Tolvaptan, an orally active non-peptide arginine vasopressin V2 receptor antagonist, reduces ascites in rats with chronic liver injury


  • Conflict of interest: All authors are employees of Otsuka Pharmaceutical, which is developing tolvaptan.



This is a non-clinical, proof of concept study, showing that tolvaptan has efficacy in reducing ascites in chronic liver injury, using a rat model induced by repeated dimethylnitrosamine (DMNA) injection.


A rat model of chronic liver injury was induced by 10 mg/kg of repeated i.p. injection with DMNA for 6–9 weeks. Tolvaptan was administrated to rats that showed obvious and stable ascites, and abdominal circumference was evaluated as a surrogate marker of ascites volume. Rats were placed in metabolic cages with free access to food and water to collect urine over a 24-h period.

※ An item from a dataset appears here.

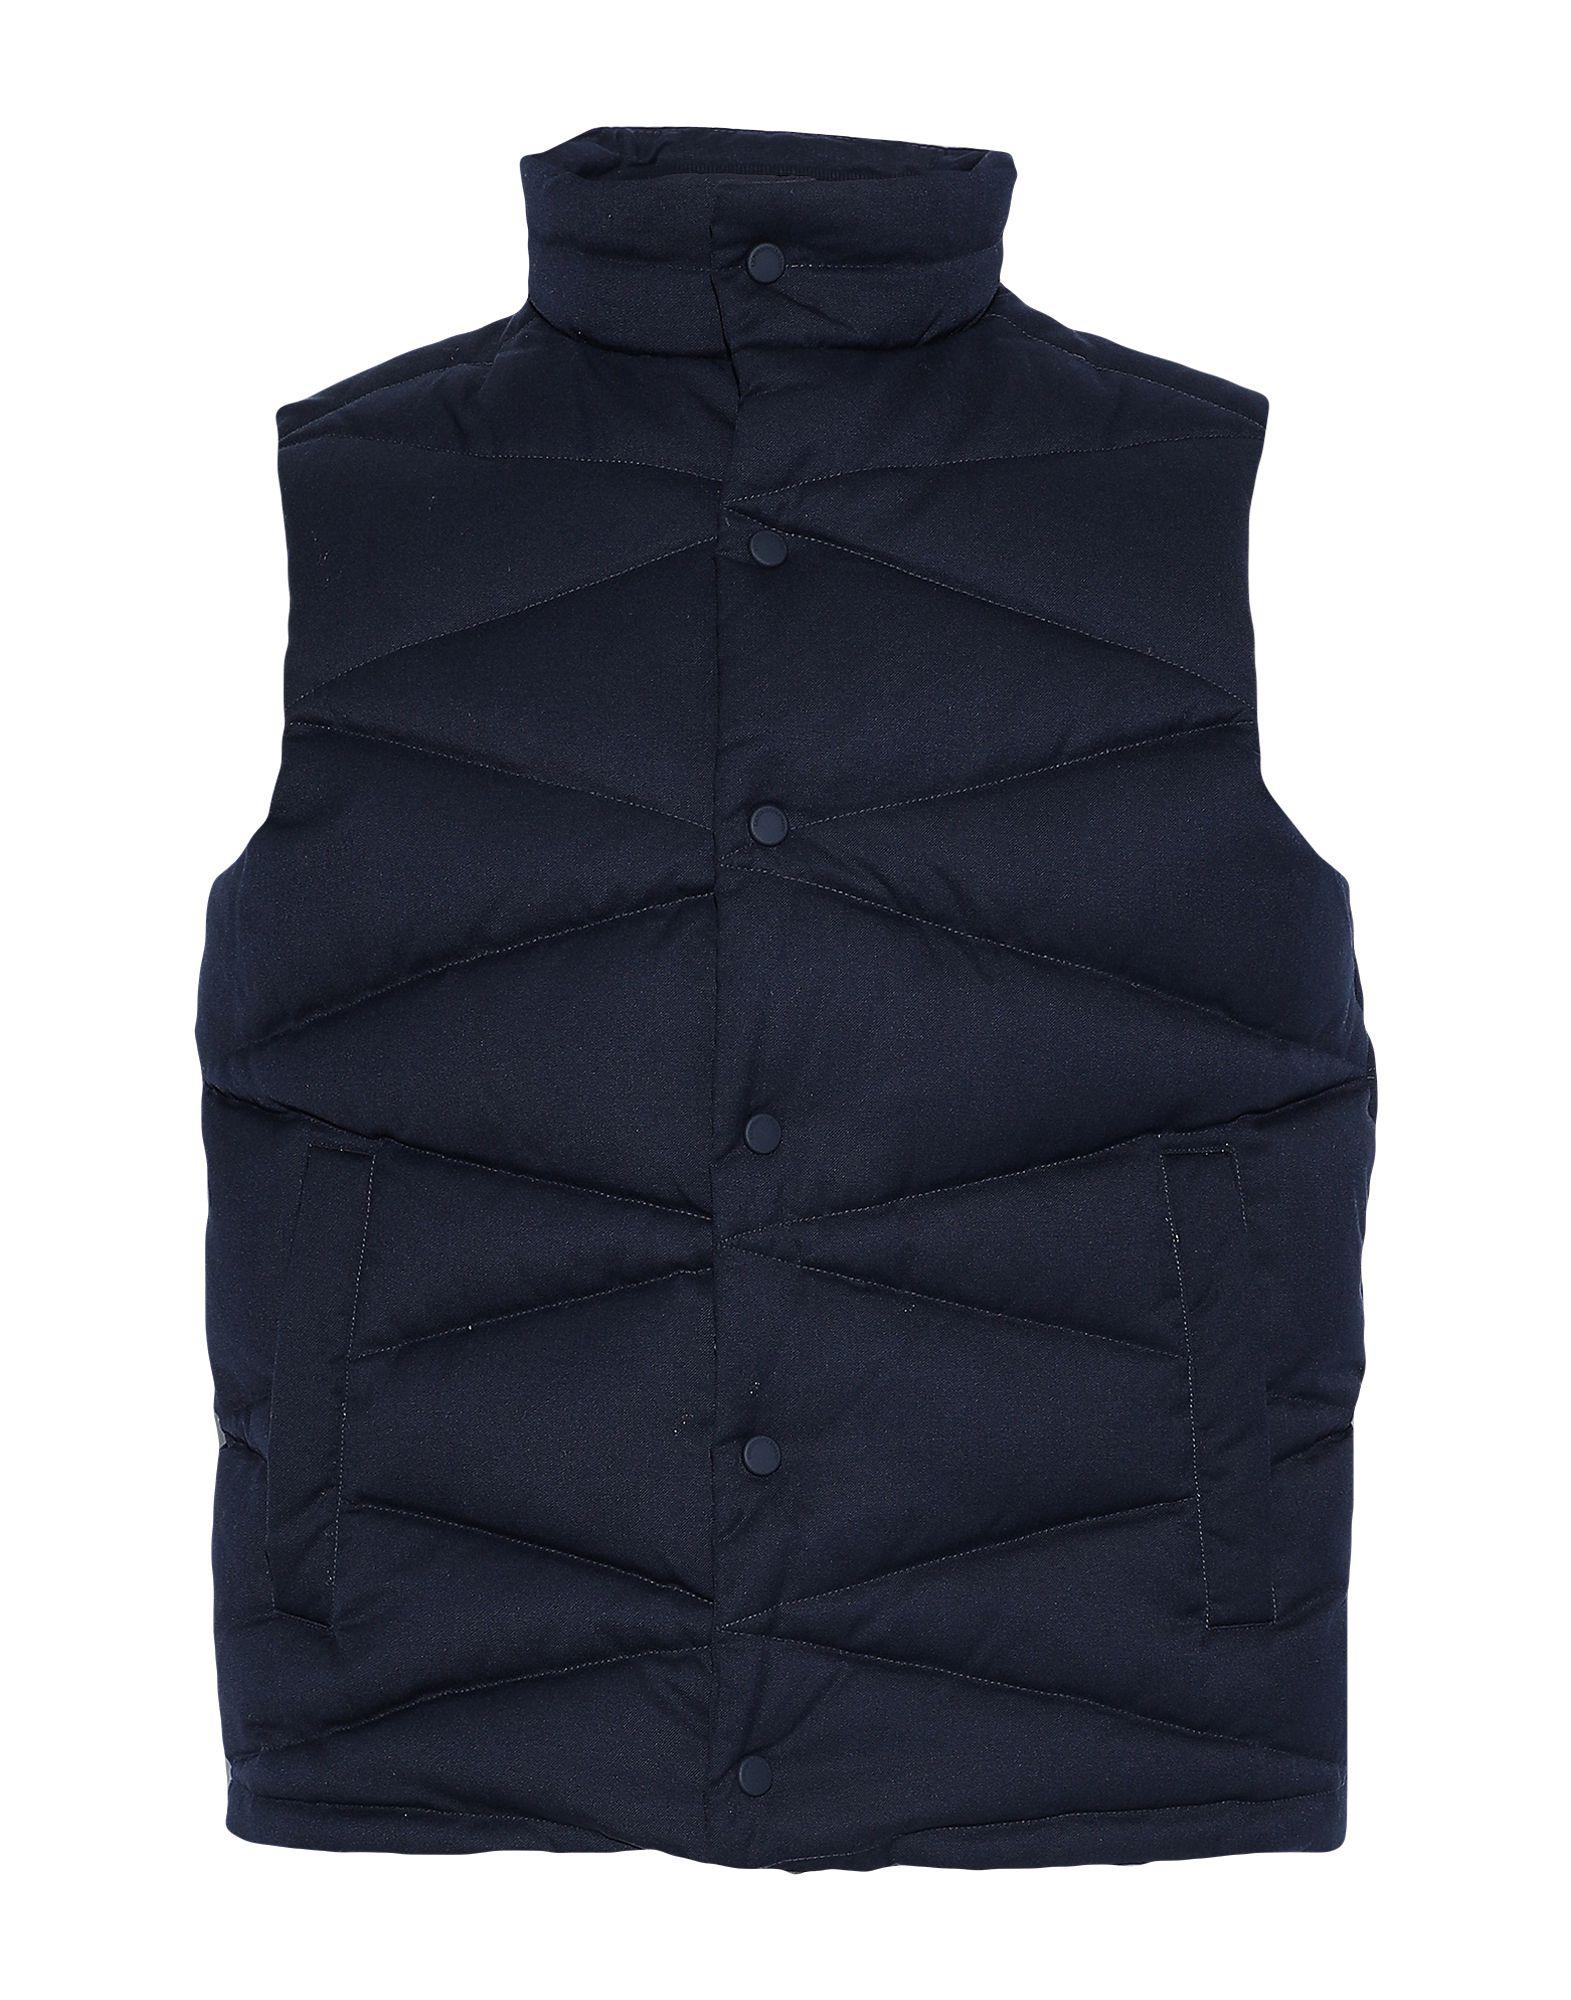 Emporio Armani Wool Down Jacket in Dark Blue (Blue) for Men - Lyst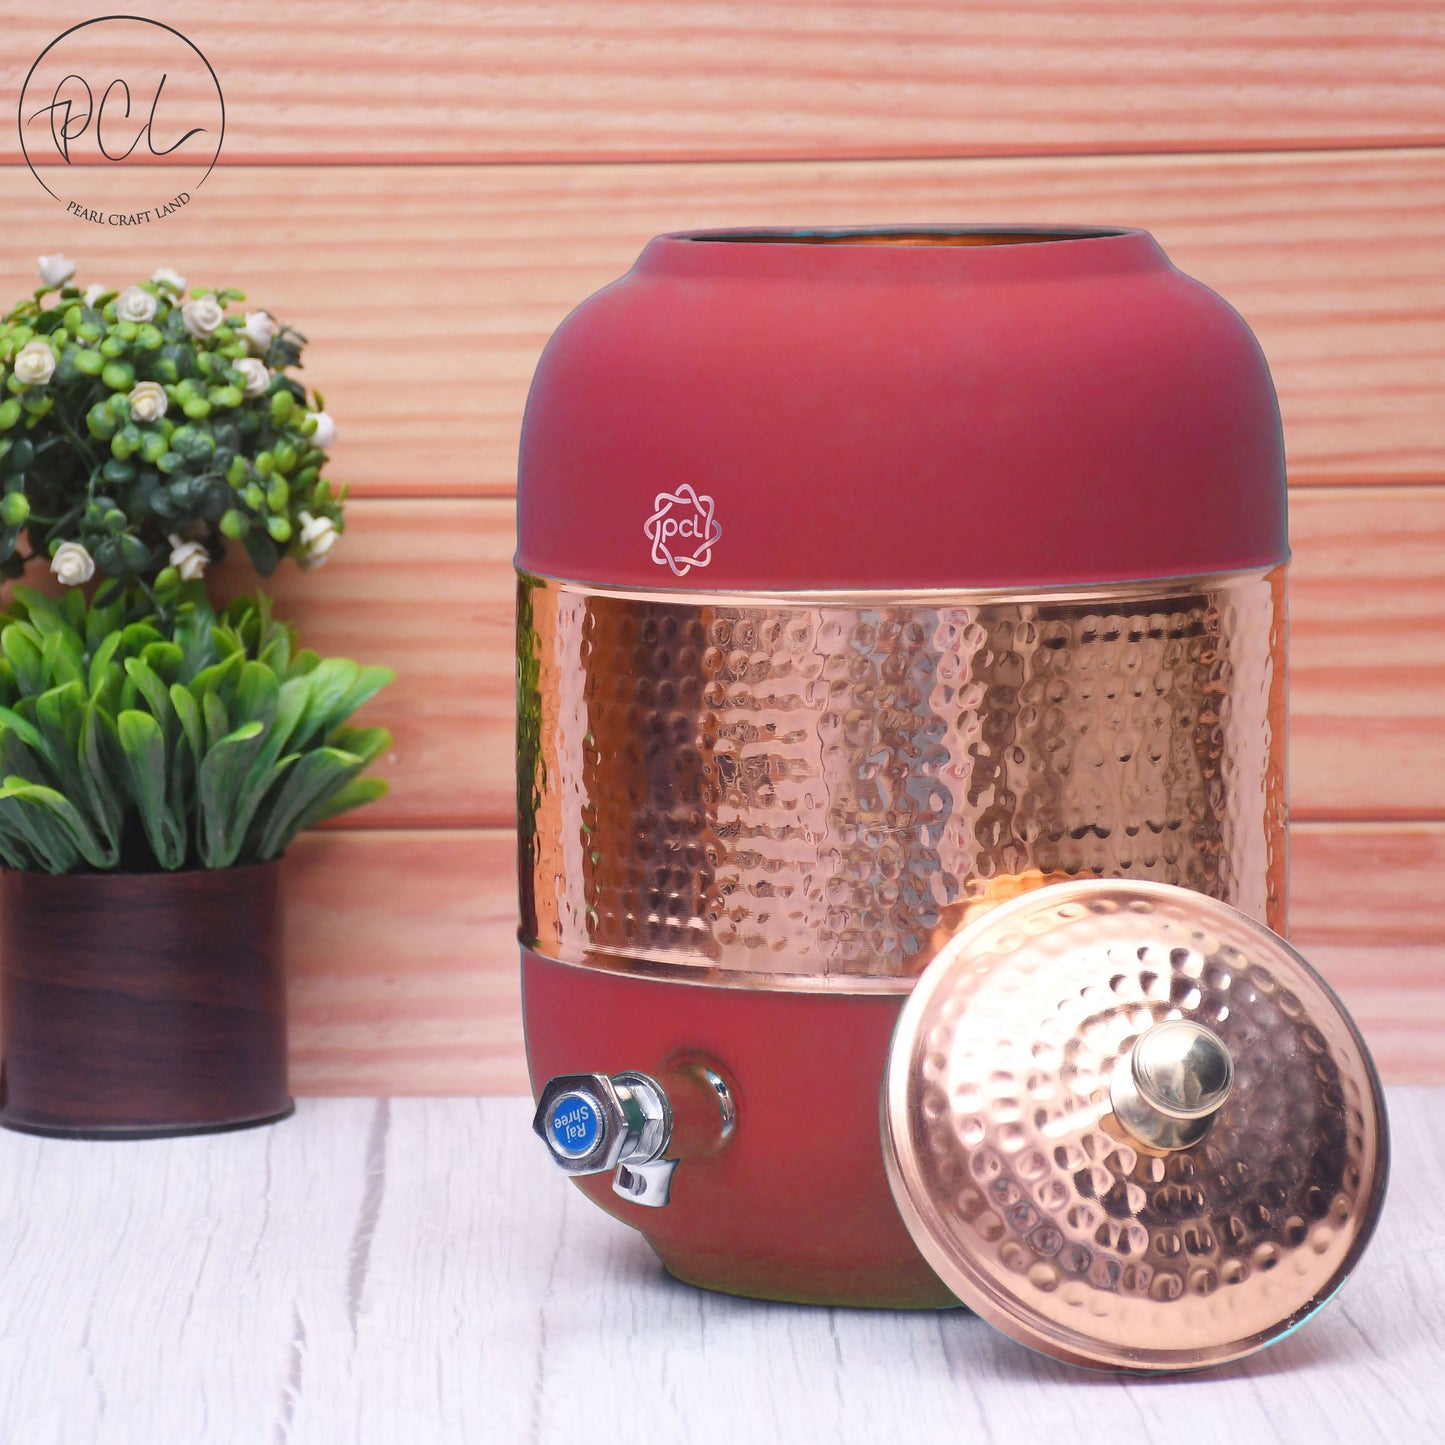 Pure Copper Silk Red Cherry Half Hammered Water Dispenser (Matka) Capacity 8000ML

Oral tolvaptan (1 and 3 mg/kg) promoted a remarkable diuretic effect, decreasing bodyweight and abdominal circumference in a dose-dependent manner. Plasma sodium concentration was increased by tolvaptan due to the large amount of free-water excretion following tolvaptan administration.


Tolvaptan had therapeutic efficacy in the reduction of ascites in rats with chronic liver injury. These results are consistent with the clinical data showing tolvaptan has therapeutic implications in the reduction of ascites in patients with decompensated cirrhosis.